**Work request**
Print all the data below exactly, without images.

*** Data excerpt Section Begins ***

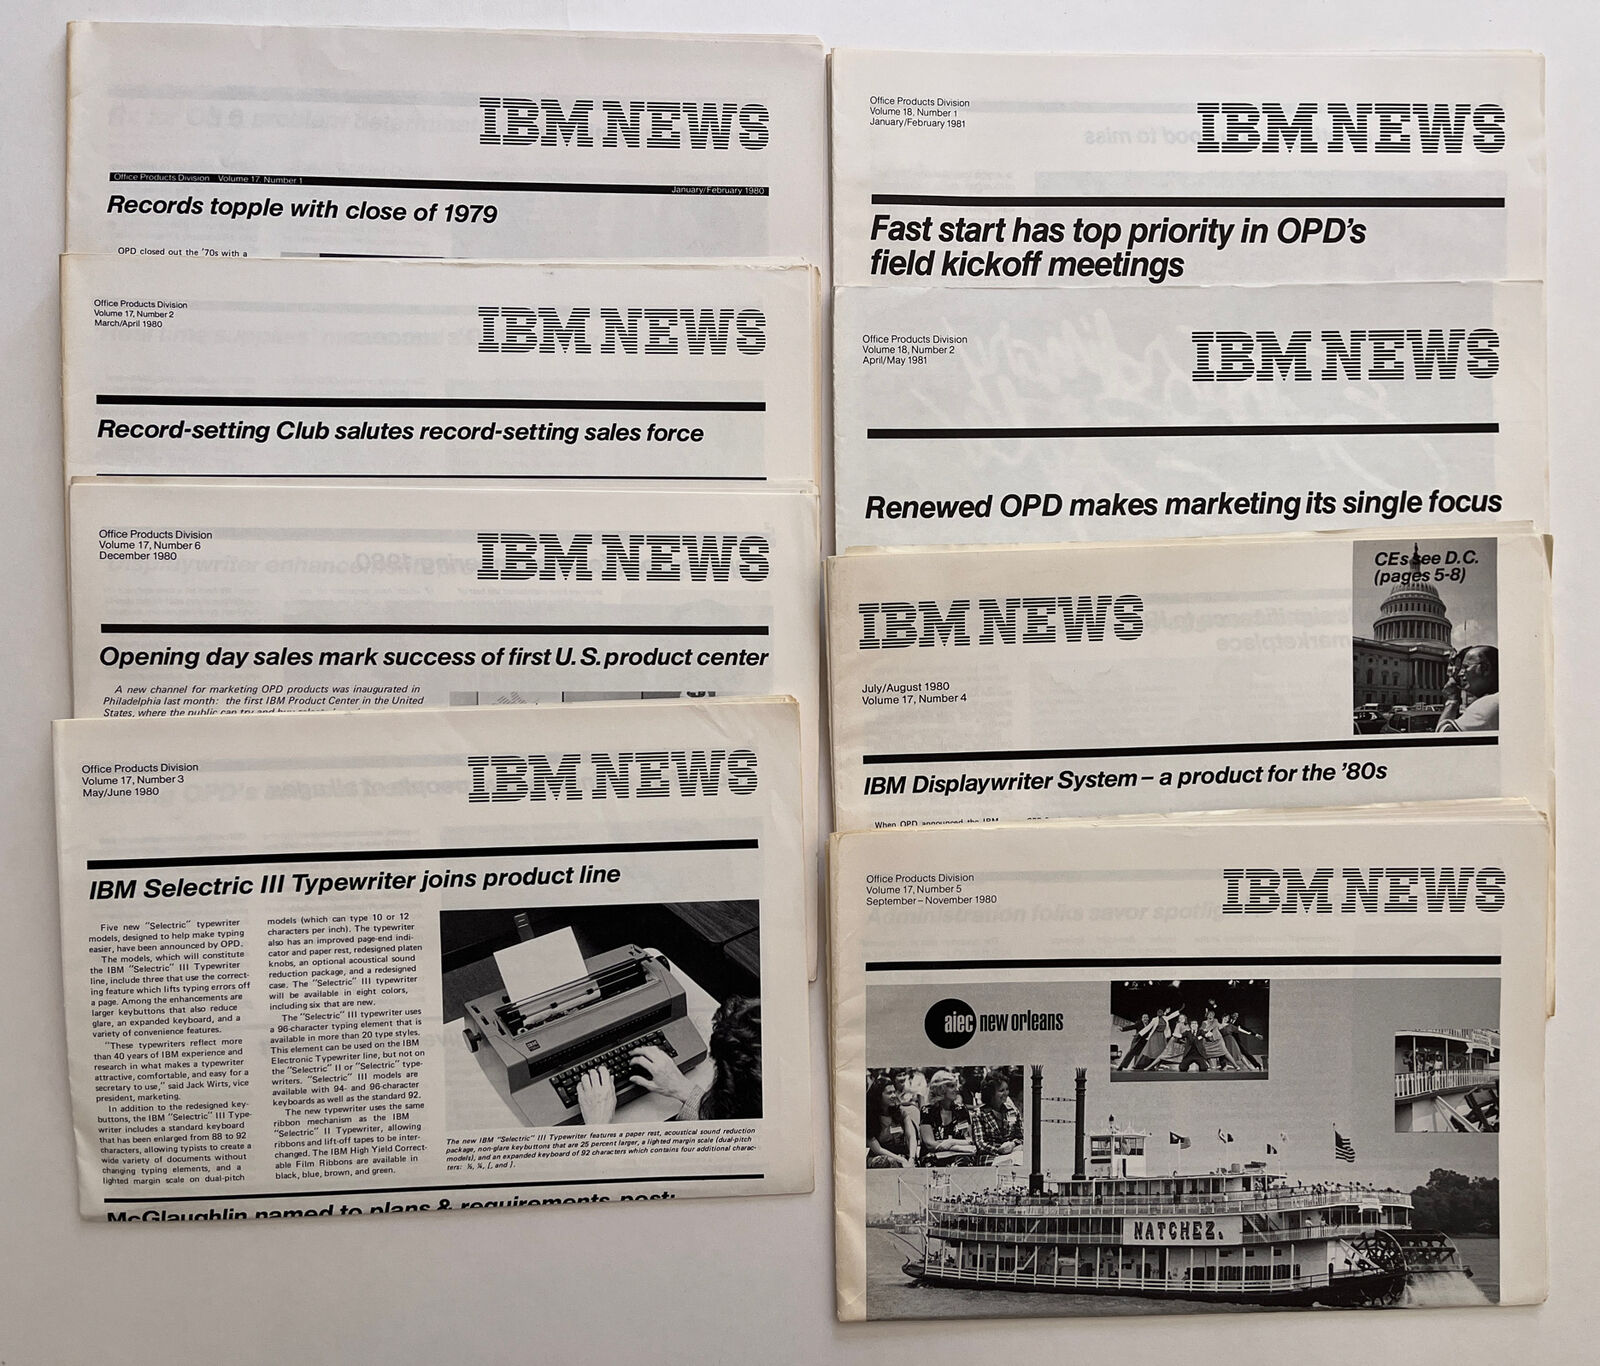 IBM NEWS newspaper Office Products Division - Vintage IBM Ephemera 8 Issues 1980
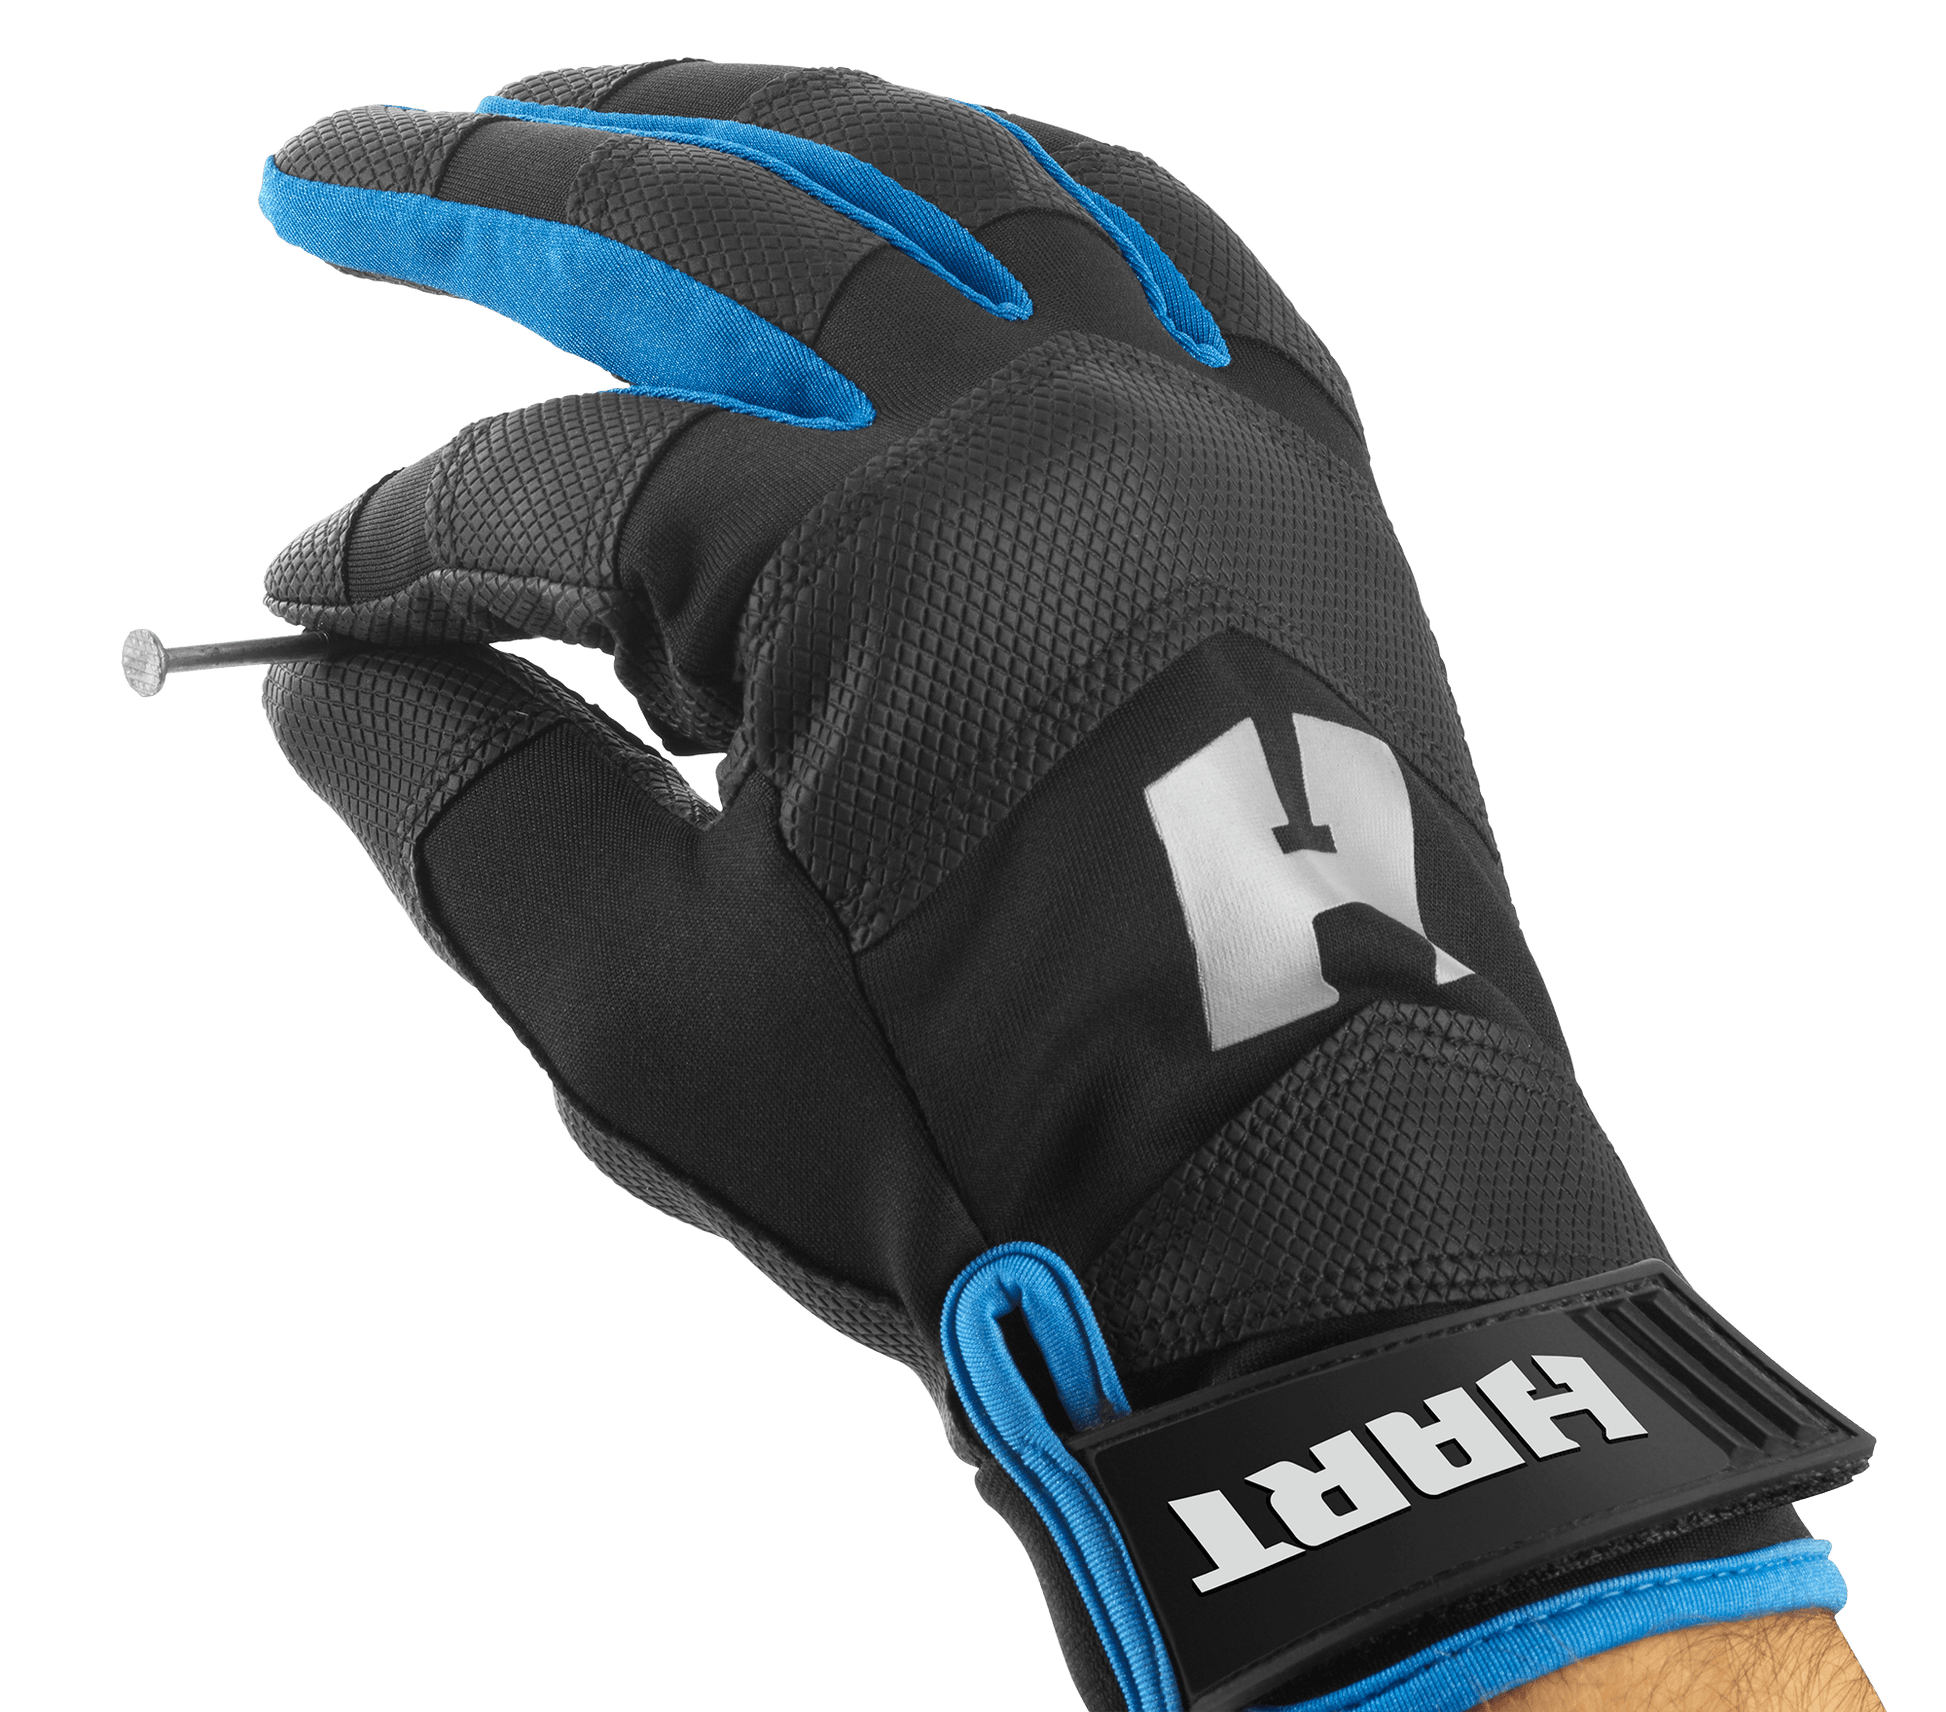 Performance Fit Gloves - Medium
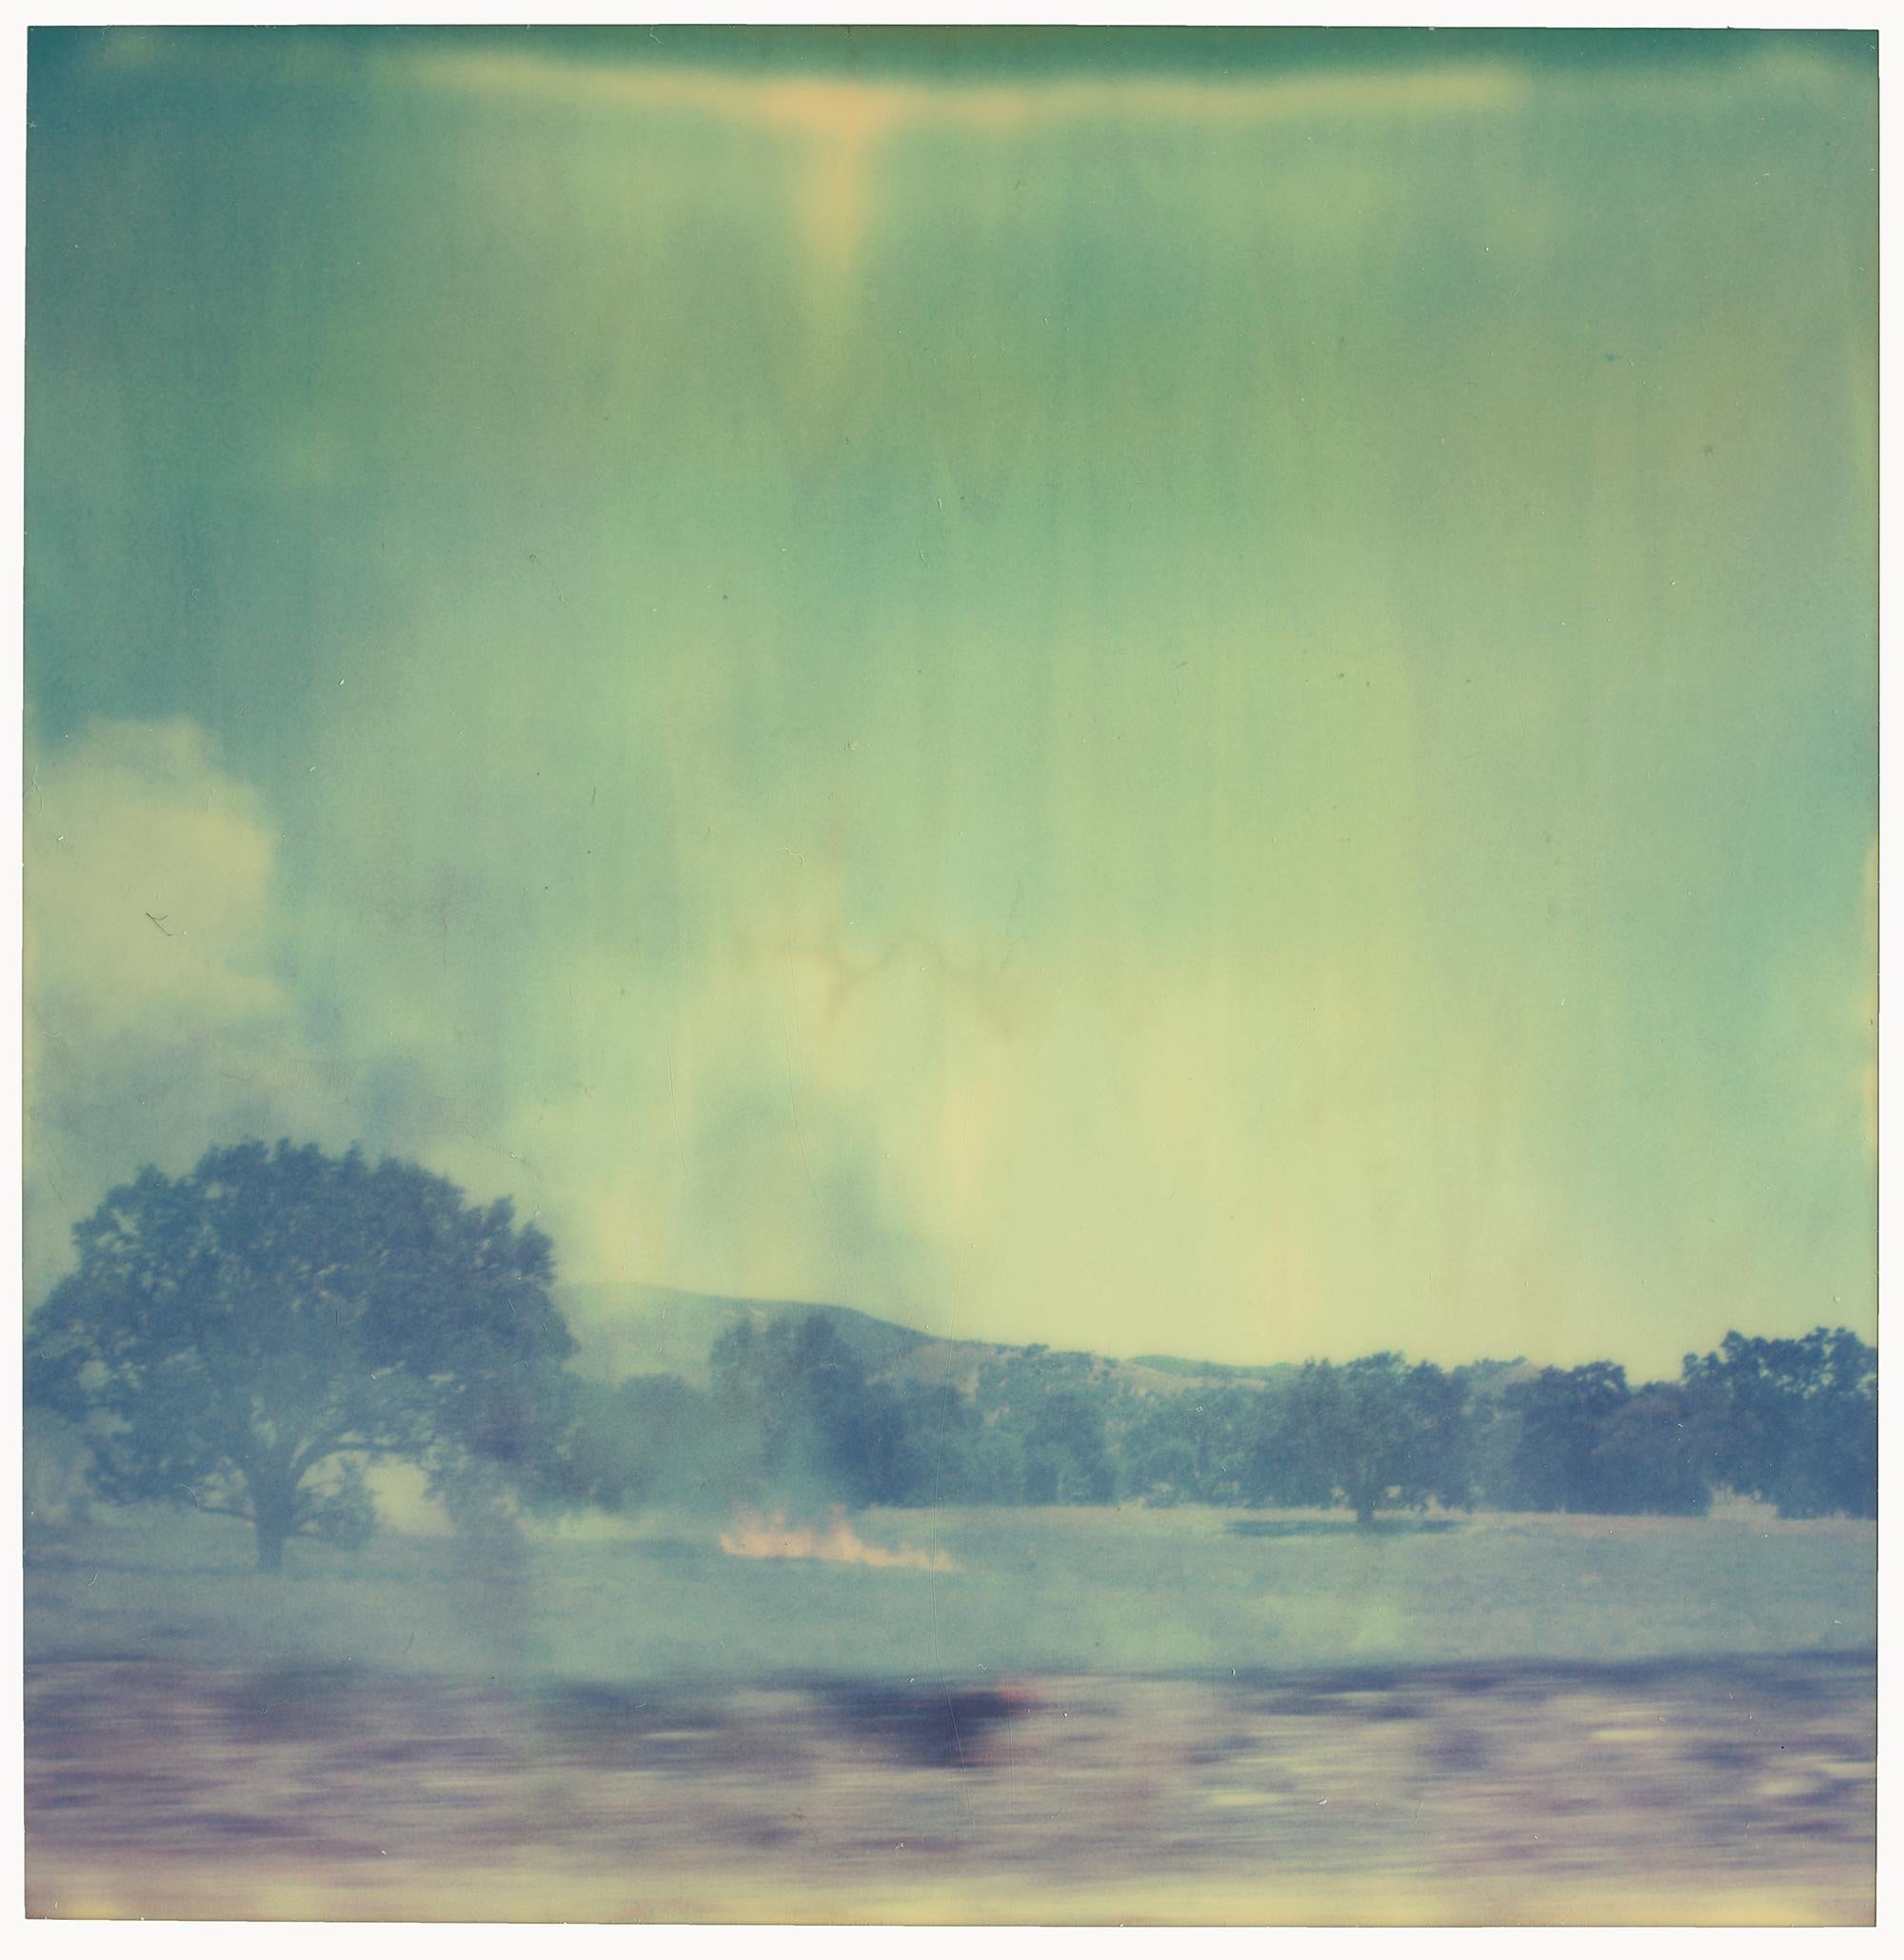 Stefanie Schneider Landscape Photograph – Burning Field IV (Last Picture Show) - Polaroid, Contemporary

*** Data excerpt Section Ends ***

**Response area**
 IBM NEWS newspaper Office Products Division - Vintage IBM Ephemera 8 Issues 1980
 Performance Fit Gloves - Medium
 Stefanie Schneider Landscape Photograph – Burning Field IV (Last Picture Show) - Polaroid, Contemporary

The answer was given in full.